An interesting and consistent line of reasoning. Keep us abreast (which is near to my heart). We only  gain from those that think and do differently from ourselves.  (This assumes that much of what we can know we don't yet, otherwise why change anything?) As for me and my provocations one of my abiding interests is how do the tools that we have and our thinking about reality (heart surgery in this case) interact. I appreciate everyone's tolerance as i "teas" this into the open with my verbal stabs. 
Tea


----- Original Message ----
From: "Salerno, Tomas" <TSalerno at med.miami.edu>
To: OpenHeart-L at lists.hsforum.com
Sent: Tuesday, March 13, 2007 10:04:42 AM
Subject: RE: [HSF] CABG/Mitral Repair


Dear Tea:

Here is an opportunity for me to discuss some of the work we are doing
in this area which might be of interest to you and the readers.

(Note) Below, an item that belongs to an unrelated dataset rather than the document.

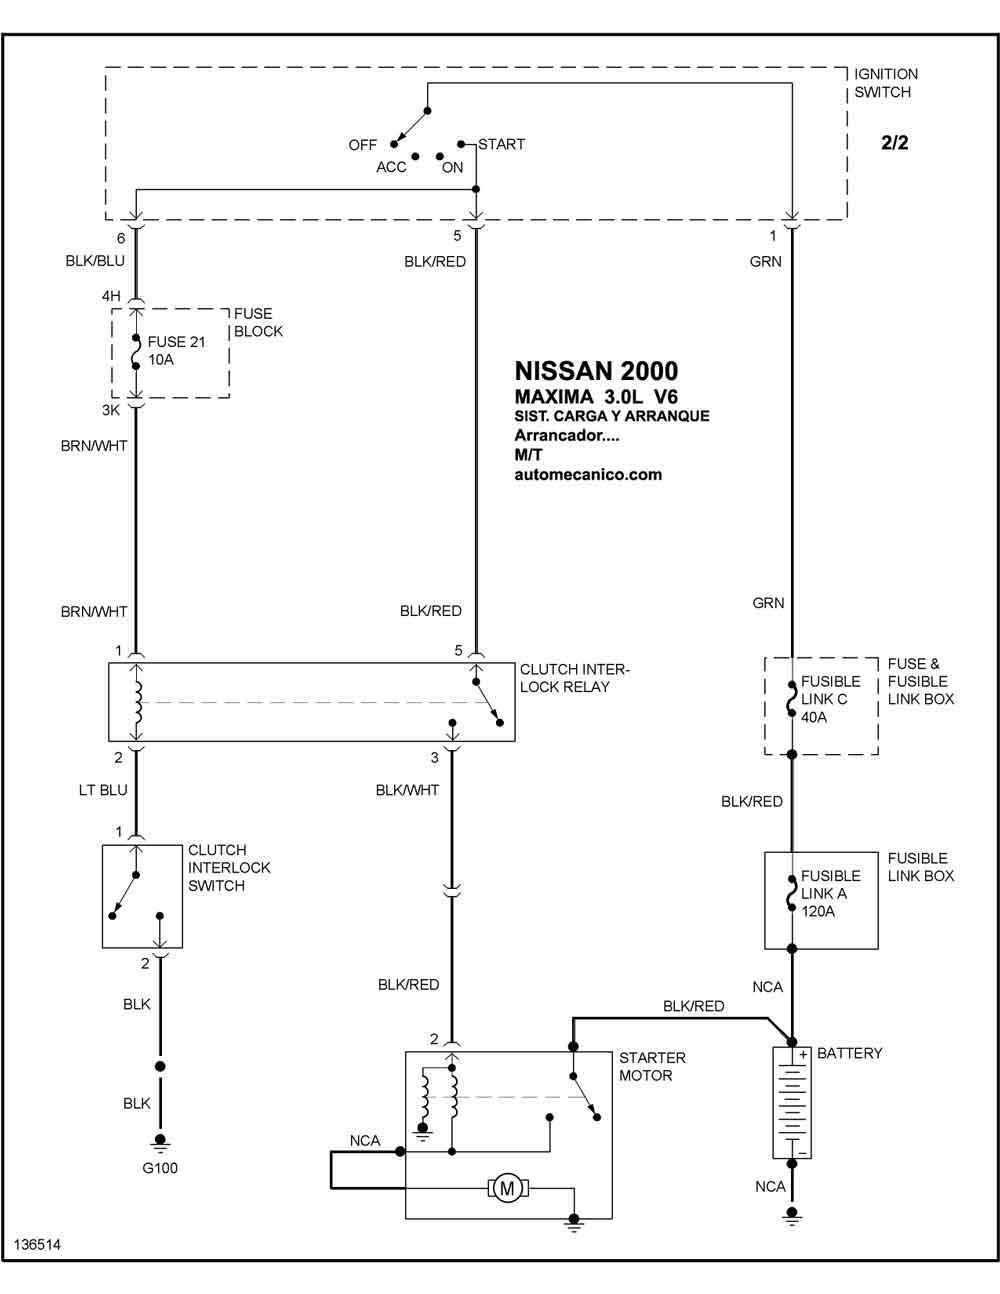 Diagrama Electrico Nissan Maxima 2000

Over the years, I have recognized that the heart lung machine, a devise
that was developed to substitute (and protect) the heart and the lung,
allows for perfusion (and some protection) of all organs of the body
with two exceptions:  the heart and the lung!

This has led me over the years to develop methods to perfuse the heart
(the beating heart valvular technique that evolved over years of
research in cardioplegia). More recently, I have become very interested
in cases such as the one that you described, ie, patients with severe
CHF and pulmonary compromise who develop florid edema and white out
after surgery. In critically ill patients, with long pump runs, the
lungs are the target organ and are underperfused by the bronchial
circulation, loss of pulsatile flow and sometimes, low flows.
Considering this,  for very high risk patients, I have been perfusing
the pulmonary artery via a sidebranch from the arterial cannula. One of
our transplant surgeons is also perfusing the lungs during heart
transplantation.  At the same time, in conjunction with Dr. Buffalo and
Edgar from Brazil, we are doing experimental studies in pigs comparing
perfusion versus no perfusion of lungs during CPB.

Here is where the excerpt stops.